Key Challenge: Strategy involves two types of knowledge: "what to do" (action set) and "when to do it" (planning logic). The former can be summarized by LLMs, but the latter requires preserving the temporal structure of multi-turn contexts. Traditional induction methods excel at extracting flat rules but struggle to weave trajectories into hierarchical structures.
Goal: Enable LLMs to directly induct both (a) an expanded action set and (b) multi-turn planning logic tied to dialogue states from raw transcripts, storing them in a retrieval-friendly structure without requiring training during inference.
Key Insight: The authors observe that multiple historical trajectories may lead to success or failure under the same dialogue state. By clustering these trajectories by state and performing prefix-merging, a "state-centric tree" naturally forms—where each root is a dialogue state and each branch is a multi-turn planning path. Pruning with the Wilson lower bound and value backpropagation filters out unreliable branches that appear successful but have small sample sizes.

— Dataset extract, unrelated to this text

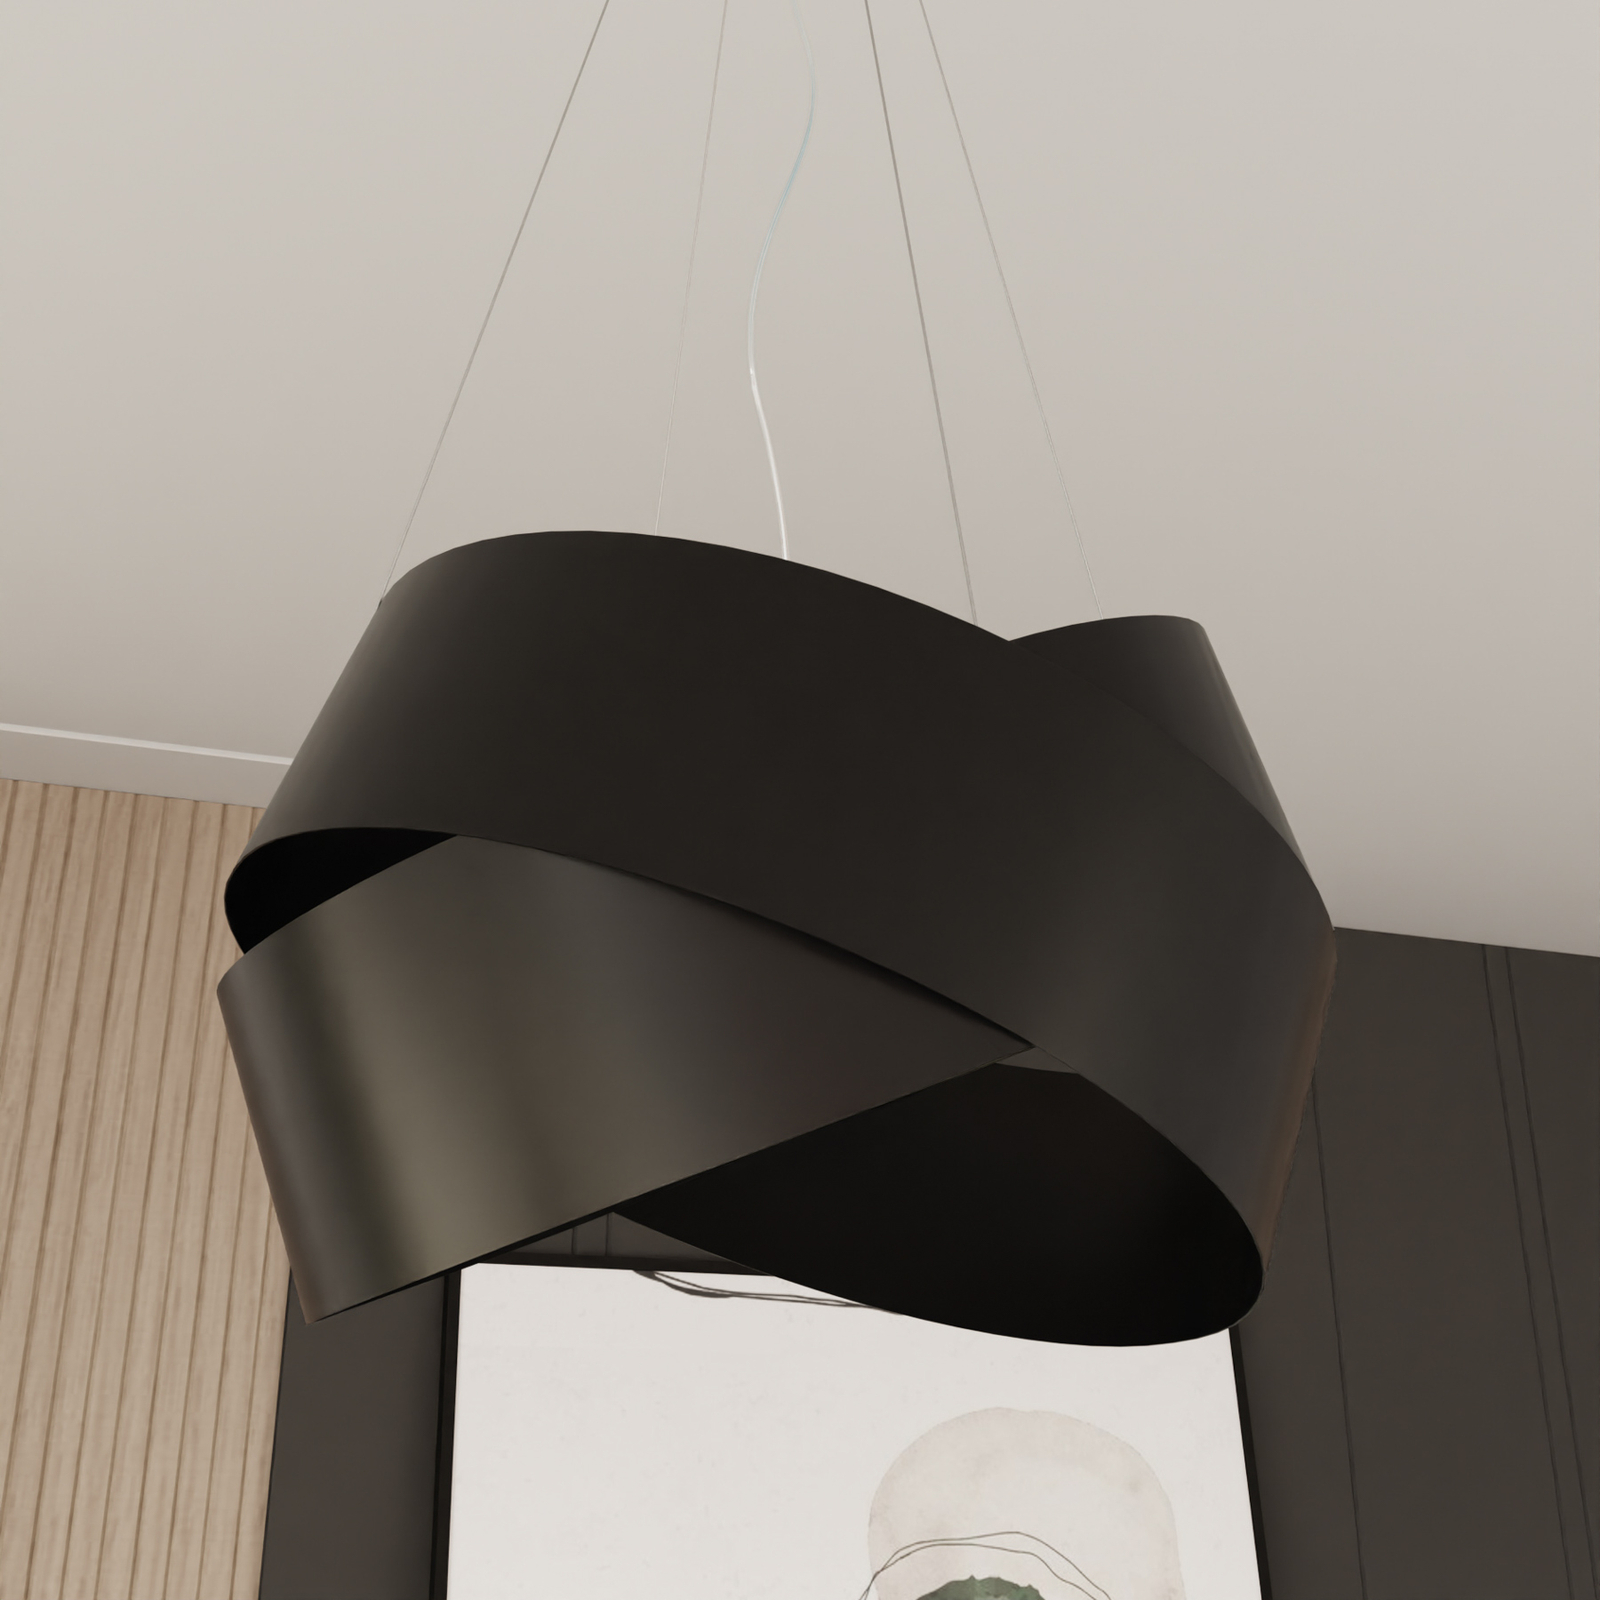 Vieno függő lámpa fekete acélgyűrűkből

Core Idea: Induct expert transcripts into a "Strategy Forest" where breadth (immediate children of the root) provides short-term tactical responses and depth (root-to-leaf paths) provides long-term strategic foresight. Both types of knowledge are injected into LLM decision-making via retrieval-augmented prompting.
Method¶
Overall Architecture¶
Metro consists of two phases: offline induction and online inference. In the induction phase: (i) Action Extraction & Expansion pulls turn-level actions from transcripts and expands them into "do/avoid micro-principles" using an LLM; (ii) Dialogue State Identification encodes each history prefix \(d'_i\) using bge-large-en-v1.5 and applies K-Means clustering (\(K=150\) for P4G, \(K=80\) for CB); (iii) Strategy Forest Induction builds a state-centric tree for each cluster—the root is the cluster centroid, and all future trajectories passing through that state are inserted via prefix-merge. Outcome values are backpropagated to each node, and unreliable branches are pruned using the Wilson lower bound and Beam Search. In the inference phase: the system retrieves the root most similar to the current \(d_{t-1}\), extracts breadth (micro-principles) and depth (highest-value branch), and asks the LLM to reinterpret these into context-aware short/long-term prompts to generate the final response.
Key Designs¶
-
Action Expansion via self-reflection micro-principle:
- Function: Upgrades raw actions \(a_i\) in transcripts to self-reflective "do/avoid" micro-principles \(\hat a_i\), allowing the action set to transcend the limitations of the transcript's coverage.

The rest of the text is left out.